Reproducibility Index

Notice: The reproducibility variables underlying each score are classified using an automated LLM-based pipeline, validated against a manually labeled dataset. LLM-based classification introduces uncertainty and potential bias; scores should be interpreted as estimates. Full accuracy metrics and methodology are described in Coakley et alK. L. Coakley, T. Snelleman, H. Hoos, and O. E. Gundersen, "The embrace of open science: An analysis of a decade of AI research and 56 800 conference papers," Under Review, 2026..

Fair Representation Learning with Controllable High Confidence Guarantees via Adversarial Inference

Authors: Yuhong Luo, Austin Hoag, Xintong Wang, Philip S. Thomas, Przemyslaw Grabowicz

NeurIPS 2025 | Venue PDF | LLM Run Details

Reproducibility Variable	Result	LLM Response
Research Type	Experimental	We empirically evaluate FRG on three real-world datasets, comparing its performance to six state-of-the-art fair representation learning methods.
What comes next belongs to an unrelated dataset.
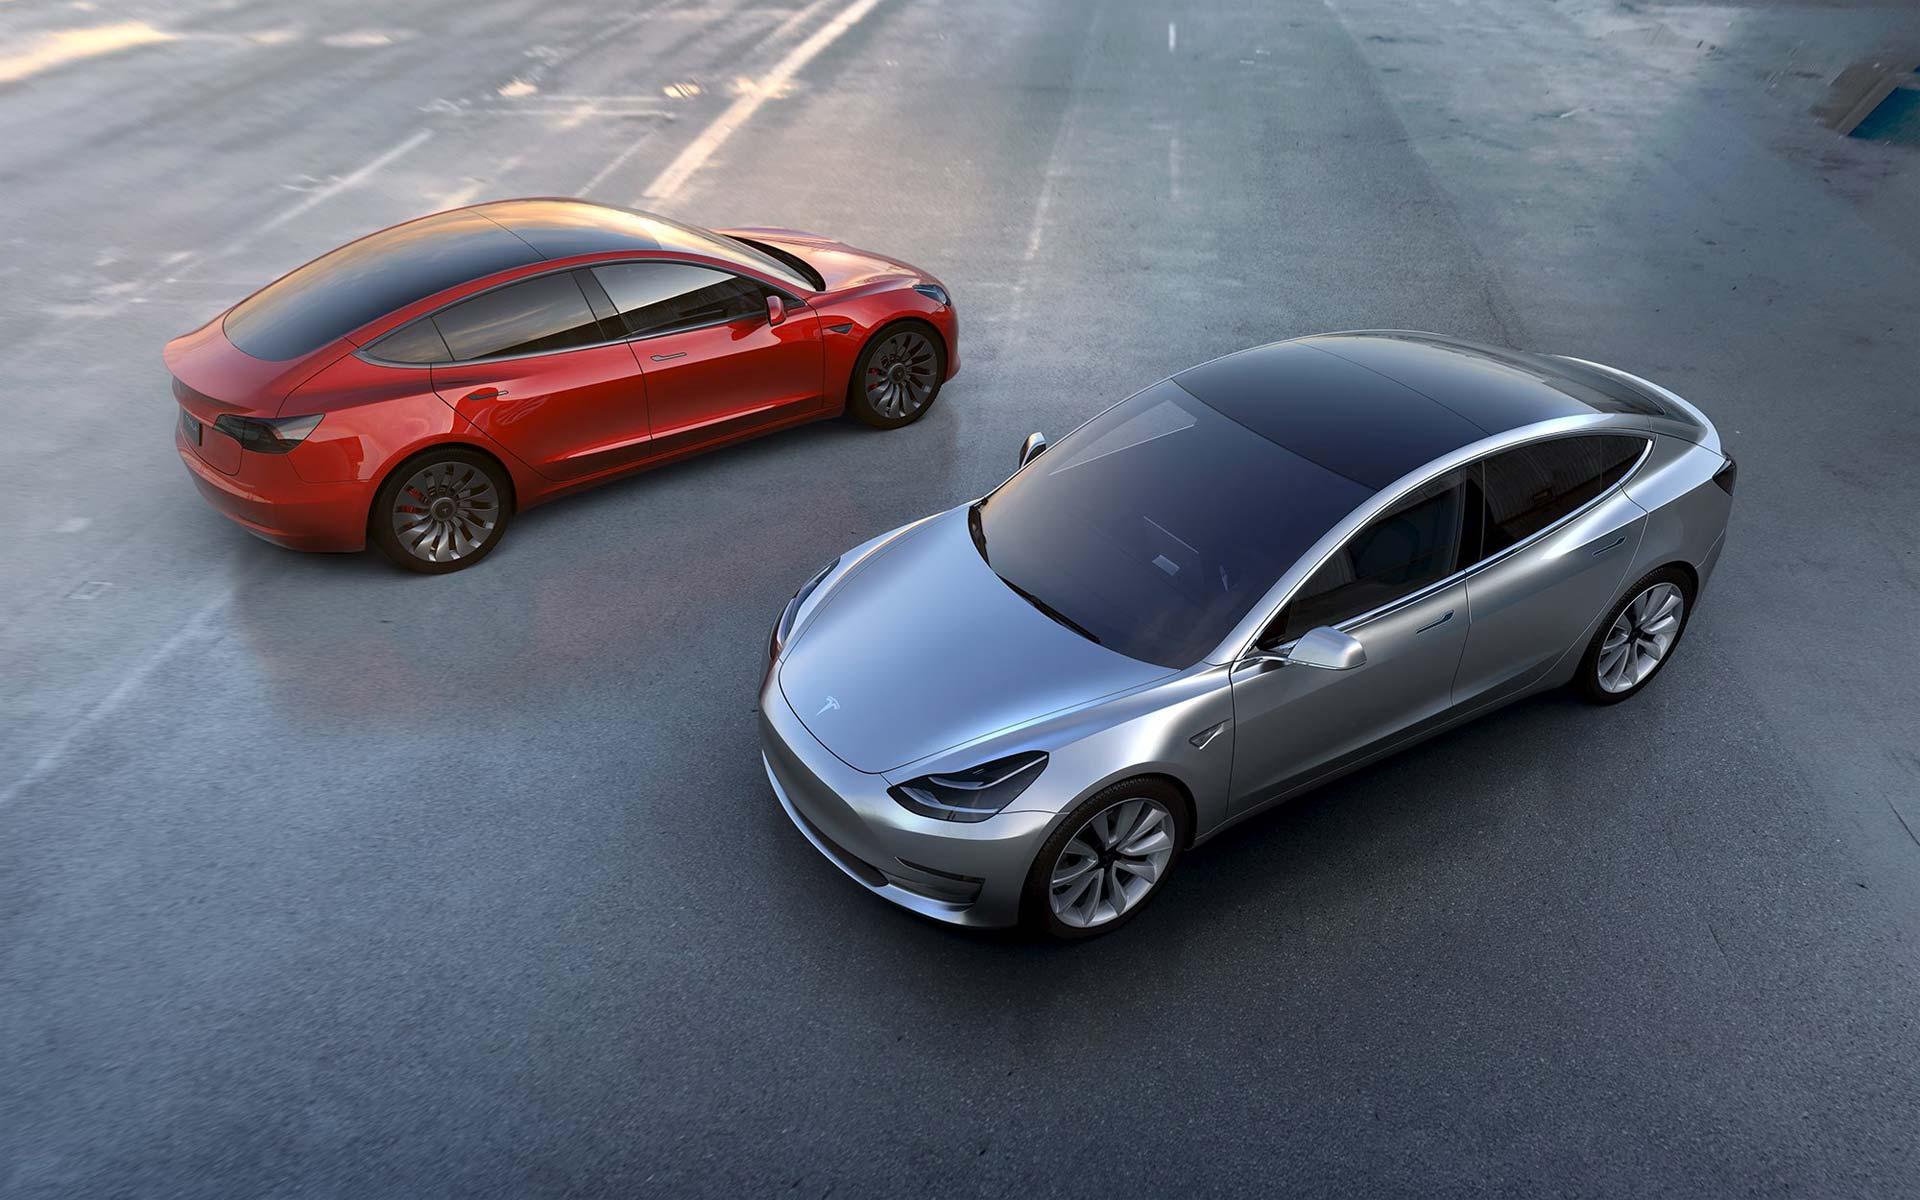 Tesla genera expectativa con nuevo carro

Our results demonstrate that FRG consistently bounds unfairness across a range of downstream models and tasks. [...] 6 Experiments Here, we evaluate the performance and fairness of FRG, focusing on the following research questions.
Researcher Affiliation	Collaboration	Yuhong Luo Rutgers University New Brunswick, NJ, USA EMAIL Austin Hoag Sony AI New York, NY, USA EMAIL Xintong Wang Rutgers University New Brunswick, NJ, USA EMAIL Philip S. Thomas University of Massachusetts Amherst, MA, USA EMAIL Przemyslaw A. Grabowicz 1,2 1University College Dublin, Ireland 2University of Massachusetts, Amherst, MA, USA EMAIL
Pseudocode	No	The paper only describes the methodology in narrative text and block diagrams (Figure 1) without structured pseudocode or algorithm blocks.
Open Source Code	Yes	The source code for FRG is available at: https://github.com/James Luoyh/FRG.
Open Datasets	Yes	We use three real-world datasets each with at least two downstream tasks, including the adversarial tasks that predict the sensitive attributes: UCI Adult [6] and Income (California only, commonly known as Retiring Adult) [17] both with 2 downstream tasks, and Heritage Health [34] with 3 downstream tasks.
Dataset Splits	Yes	For each dataset, we split the data into training (Dtrain), validation (Dval), and test (Dtest) sets according to ratio 0.6:0.2:0.2. For FRG, we sample 10% of the training set to be Df for fairness test and let candidate selection use the remaining 90% as Dc.
Hardware Specification	Yes	The GPU used is one NVIDIA A16, and we use 128 CPUs with the model AMD EPYC 9354 32-Core Processor.
Software Dependencies	No	The paper mentions the use of 'Adam optimizer' but does not provide specific version numbers for any programming languages, libraries, or other software dependencies.
Experiment Setup	Yes	In our hyperparameter tuning process, we adjust various parameters, including the step sizes (for the primary objective, the Lagrange multipliers, and the adversarial predictor), the initial Lagrange multipliers, the weight of the regularizers, the number of epochs, etc. [...] We set the minimum allowed step size for the primary objective to 10 6 and the minimum number of epochs to 100. [...] We use cross-entropy loss for all downstream models and Adam optimizer for all optimizations. The detailed choices of hyperparameters for each of the datasets, the unfairness thresholds ε s, and the baselines are provided with config files in the source code.